В какую бы кровавую смуту он ни заглянул — Варфоломеевская ночь, Кровавое воскресенье, - всюду открывалась одна и та же картина: поладить ничего не стоило, если бы не кучка злобных убийц, не допускающих уступок. Тогда-то барону и открылась глубина и мудрость племени лоухи, отрезанного от мира карельскими трясинами: никаких народных характеров нет, в каждом народе имеются люди разных пород, ведущих происхождение от разных зверей. Потомки бобров, люди-бобры, куда их ни поместить, строят хатки и наводят вокруг себя чистоту и уют, и счастливы народы, среди которых проживает много людей-бобров. Никакие потрясения не могут надолго убить в них жажду строить и наводить уют и чистоту. Люди-соловьи любят свистать, заслушиваясь собственным свистом и на время очаровывая даже бобров. Люди-сороки бросаются на все яркое, люди-петухи петушатся, люди волки охотятся в одиночку, изредка собираясь в стаи, чтобы зарезать какую-то крупную дичь, а насытившись разбредаются и некоторое время никого не трогают. Страшнее же всех люди-павианы — они никогда не насыщаются, они должны вечно отнимать и унижать, причем, насытившись, делают это еще более свирепо. Какую бы гору богатств они ни нагребли, они все равно постараются вырвать последние медяки из кружки слепого. Какую бы власть над миром они ни захватили, их приводит в бешенство, если где-то в нищей хижине останется полуголодный охотник, ставящий свои капканы на лесную дичь, не спрашивая их дозволения. Им должны быть покорны именно ВСЕ, и никто не должен иметь именно НИЧЕГО СВОЕГО. Их оскорбляет даже тень чужой независимости не только на планете Земля, но и в целой вселенной.
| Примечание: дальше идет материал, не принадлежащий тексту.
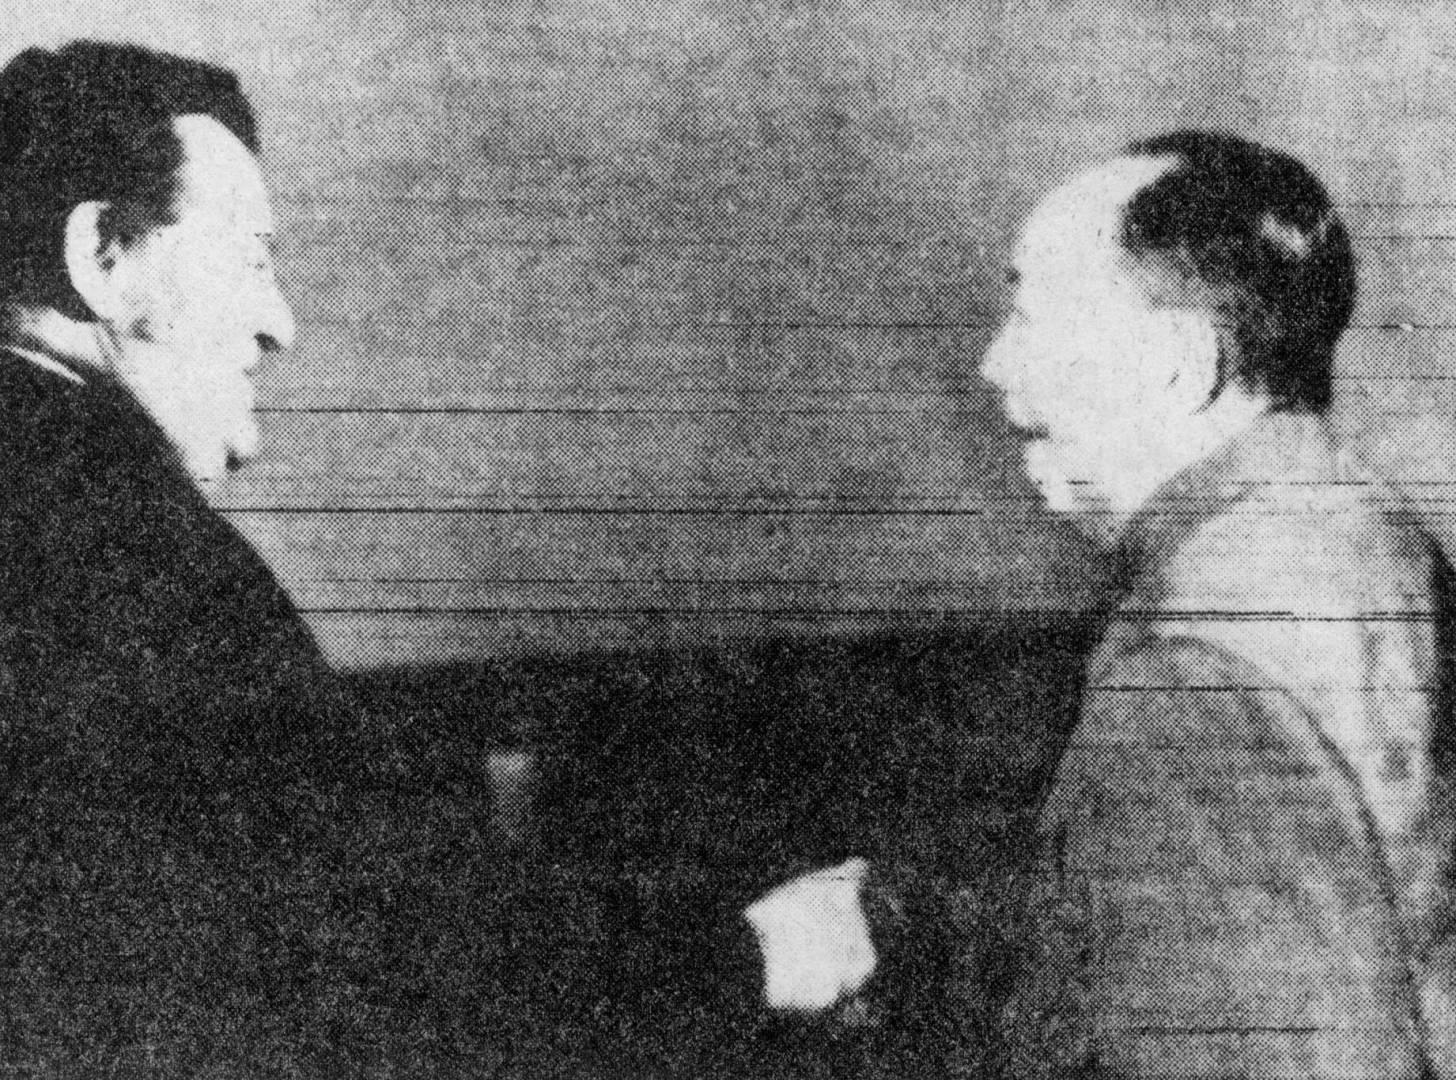 الزعيم الصيني ماو تسي تونغ مستقبلاً فرانزجوزف شتراوس.. صورة أرشيفية

Вот эти-то люди-павианы и ведут нескончаемые войны. Умники выискивают причины войн в житейской грызне, только и открытой им в их слепоглухоте. Они думают, что войны начинаются из-за земли, из-за доходов, из-за каких-нибудь измов — социализм, национализм, либерализм, не догадываясь, что национализм соловьев будет совсем другим, чем национализм петухов, социализм или капитализм бобров не будет иметь ничего общего с социализмом и капитализмом волков, а павианов невозможно насытить никакими доходами и землями, они будут вечно зариться, убивать и отнимать чужое, пока однажды какой-нибудь добрый человек не набьет землей их ненасытные пасти. И барон решил сделаться этим добрым человеком.
Враги называли его и черным бароном, и красным, и белым, и зеленым, слепоглухие умники сочиняли целые трактаты о его истинной партийной принадлежности, о том, чьи интересы он представлял — рабочих, крестьян, ученых, военных, хотя все его союзы были не более чем временными уловками, он никого никогда не предавал, сколько его в этом ни обвиняли, ибо на самом деле он всегда был на стороне бобров против павианов.

Если бы у него была хоть малейшая надежда на понимание, он бы провозгласил: «Бобры всех стран, соединяйтесь!». Но бобры почти всегда оказывались в услужении у павианов, они, собственно, и составляли главную их силу. Ведь павианы умели только отнимать и унижать, собрать и вооружить хотя бы собственную армию они были не в силах, от них всегда все прятались и разбегались кто куда мог, но павианы умели внушать бобрам, что их хаткам грозит опасность, и тогда бобры становились самыми храбрыми и умелыми солдатами.
С той минуты, когда ему это открылось, барон никогда больше себе не позволял руководствоваться кавалергардским апломбом, «дворянской честью» в обращении с животными: он помнил, что его долг не петушиться, а защищать травоядных от хищников и от их собственной глупости. Бобрам нужно предоставлять корм и строительный материал, соловьев в сентиментальную минутку изредка слушать, но никогда не слушаться, петухов держать в клетке, а волков и павианов отстреливать. Когда к тому имеется возможность. А пока такой возможности нет, по мере сил их дурачить. Так что он без колебаний сорвал шпоры и, накинув зимнюю шинель без знаков различия, последовал за перепуганным швейцаром к черному ходу, когда вооруженная толпа, возглавляемая павианами, ринулась в гостиницу, углядев через окно его генеральский мундир. Он укрылся у своего друга Нобеля, но когда и туда явилась шайка шакалов, объявившая себя революционным патрулем, он, уже переодетый в штатское, не отказал себе в удовольствии поиграть с огнем, заговорить с ними. Чем вызывал подозрение, которое сам же сумел погасить своим акцентом.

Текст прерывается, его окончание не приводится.